6:27 p.m. 10/27/2011: Every Texas Rangers fan is going through the same scenario in their minds right now – they are remembering their first trip to a Rangers game, and are still amazed how far this team has really come.
For the better part of 40 years the Texas Rangers were the also-rans of baseball – former Rangers beat writer Mike Shropshire’s memoir of his time covering the team is called ‘Seasons in Hell‘ for good reason. The Rangers, for most of our collective lives, have been awful. Those days are gone, but old times are not forgotten.
Granted, Rangers fans had their ‘wow’ moment last year, the season that ended with the Rangers in their first World Series.
But this year has been different. We fans have been able to sense from the team that they KNOW they are going to win their first World Champion crown.

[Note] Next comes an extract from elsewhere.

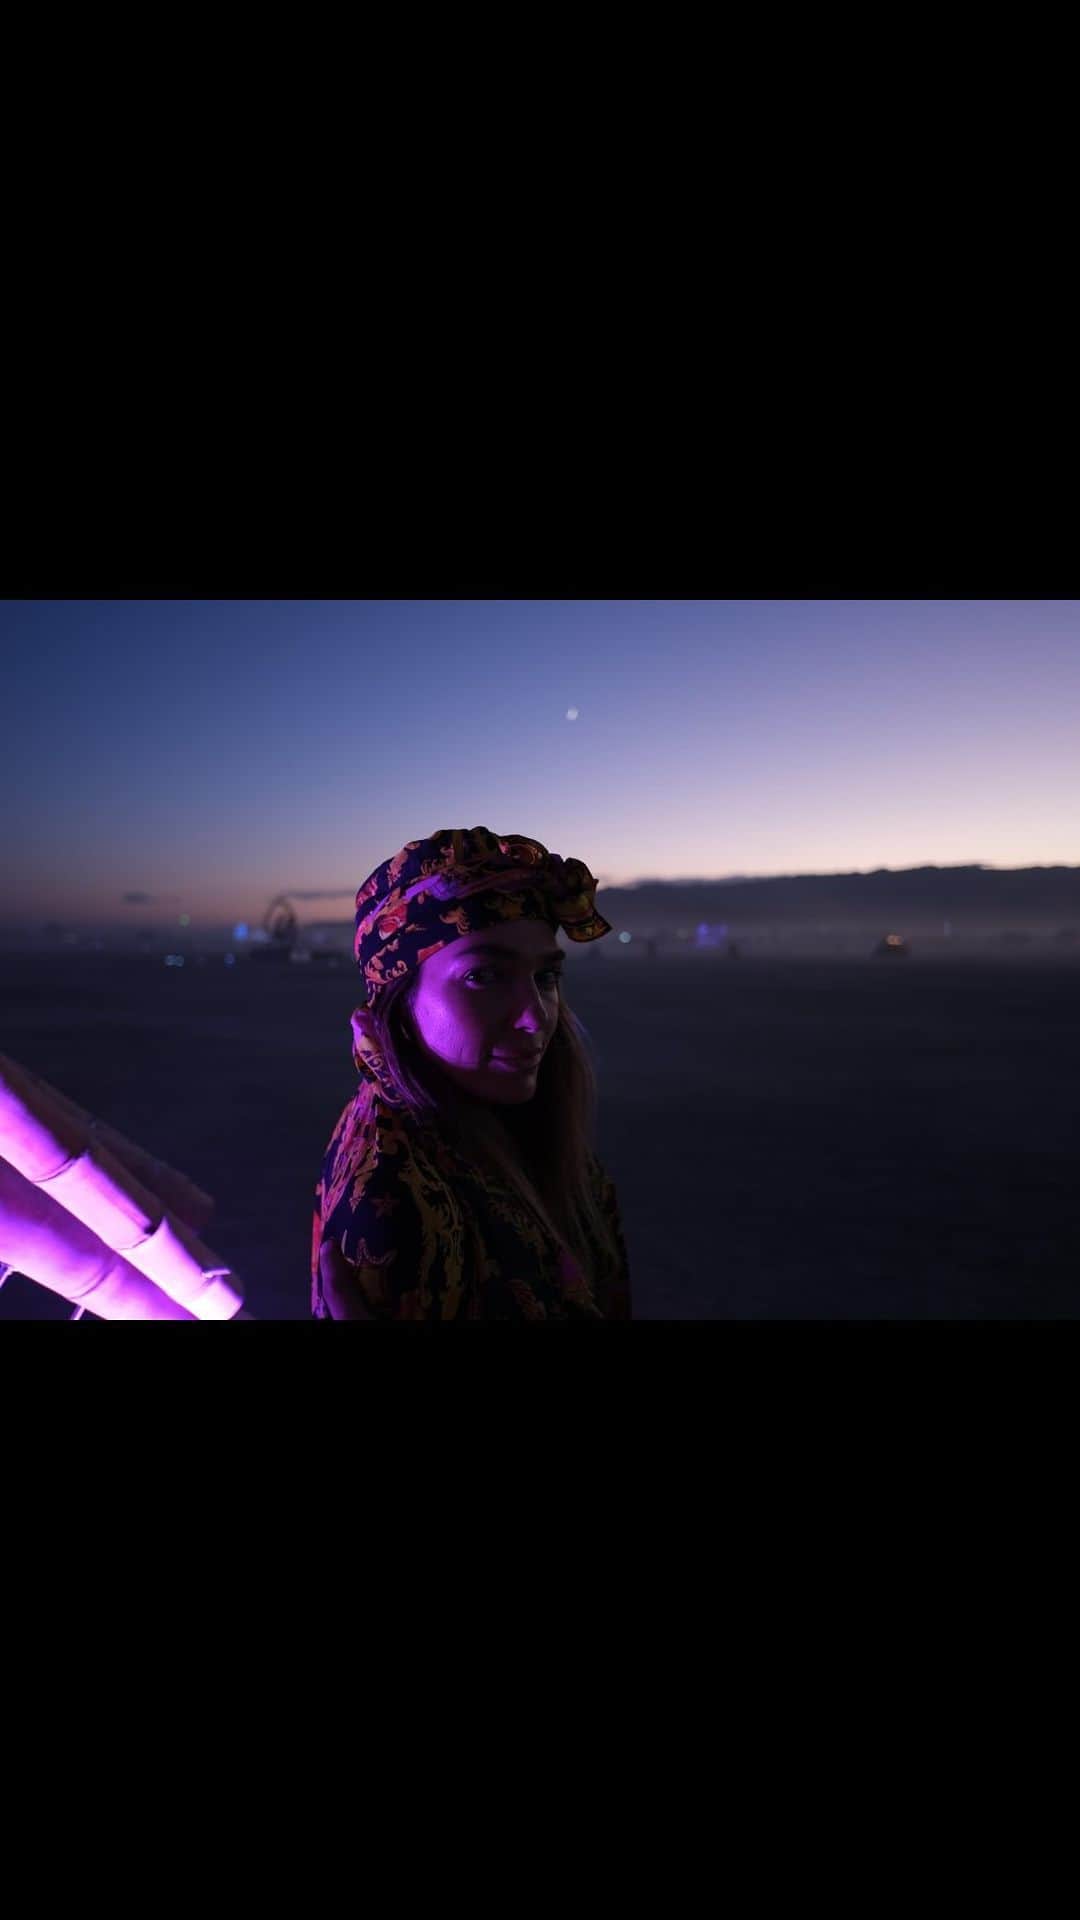 アシュリー・ハートのインスタグラム：「I feel that familiar mystical rumble of Burning Man rearing its yearly roar. And although I sadly won't be attending this year, it's still working its magic on me. I felt inspired to share a snippet of the last captured (not yet posted) episode of my HARTFWRD YouTube channel. This is my take on what Burning Man represents.. and how last year's experience was one of my most challenging yet rightfully representative of the power, principles and all that Burning Man stands for, for me. Putting myself in this potent environment not only confronted me with the intensity of changes I was actually facing at this time in my life but essentially reflected back to me the pain of reality I was in avoidance of feeling. It was all amplified on the playa yet also allowed me the space and perspective to be with all that was, showing me how I needed to lean into the discomfort and fully show up for what mattered most. Which at this time; was to let go of all I was trying to hold up within my own world and attend wholeheartedly to the grandiosity of my mother's palliative care and precious last pages of her life. Welcoming this change in my life, quite literally was like throwing myself into the fire of all that burning man stands for. How uncomfortable it is to take ourselves out of the structure, routine, and life we're so attached to. All the things we think we need to do, be and create. How we think we don't have enough time, lost in this somewhat default world and totally disconnected from what actually matters most. So unwilling to feel the discomfort of what our deepest hearts' truth is or what our life circumstances may actually be, in fear of losing this self and world we've created and think we need to so desperately sustain. It's about pulling ourselves out, getting perspective, embracing change, and really seeing the self; listening to something beyond these default ways of being and thinking, and letting something deeper lead our way. I really believe that throwing ourselves into the fire of change and letting burn what no longer serves.. is the fast track to our true selves and ultimately the way to God. See Burning Man isn't just a festival, it's a way of living.」

As an old-school Texas Rangers fan, I’m going to go off script for a moment and write from the heart.
No, that does not mean I’m going to hate on everyone and call them a bandwagoner, or call out their true Rangers fan creds – I freely welcome you to the wagon, I’ve just been sitting here longer.
No, this little trip down memory lane is just that, a collection of memories that every Rangers fan can emulate – you all have your stories and emotions that are coming out as you watch.
I’ve been a Rangers fan since I was 6. I guess I could have said I’ve been one since birth, but the truth is I was a fan of the A-Team first, then the Transformers, then my Hot Weels. But I discovered baseball in 1985, and the Rangers have had my heart since.
NPR’s Robert Krulwich recently had an article about how we become fans of our father’s teams. As a child of divorce I have to say that was not the case for me. I became a fan of my mother’s team.
My mom was one of the few women I’ve met over the years who was truly passionate about baseball. I know there are plenty of women out there who love the game, but I didn’t know them as intimately as I did my mom.
My mom and I easily went to hundreds of games when I was growing up. She worked at a place where tickets were easy to come by, so we spent a lot of time in old Arlington Stadium, sitting along the 3rd base line and watching such powerhouse players as Oil Can Boyd, Don Slaught, and the great Bobby Witt.
I can’t explain cheering for Bobby Witt other than to say I recently came across his 1991 Fleer baseball card (the ones with the really bright yellow border) – so memories flood back of me sitting in our seats underneath the Diamond Suites. I carried a bag with me to hold a scorecard, some peanuts, and my baseball cards.
Those memories are made much more real each time the Rangers inch closer to the ultimate celebration in baseball. It’s almost like living through that as a fan gives you much more license to cheer than if you never experienced the bad years. We’ve had plenty of bad years.
I no longer have my mom here to cheer with during these games, but I know that if she were here she’d be cheering as loud as anyone. She would be one of those fans who dropped everything to get to St. Louis Wednesday only to have it called for rain. She wouldn’t have complained either – she’d make the most of the visit with other fans.
So tonight, Rangers fan, as you watch Game 6 remember those long summer nights at Arlington Stadium or the Ballpark, and think about the people who you watched them with. Cheer for these Rangers, because they are about to do something truly special for you – they are about to win the World Series.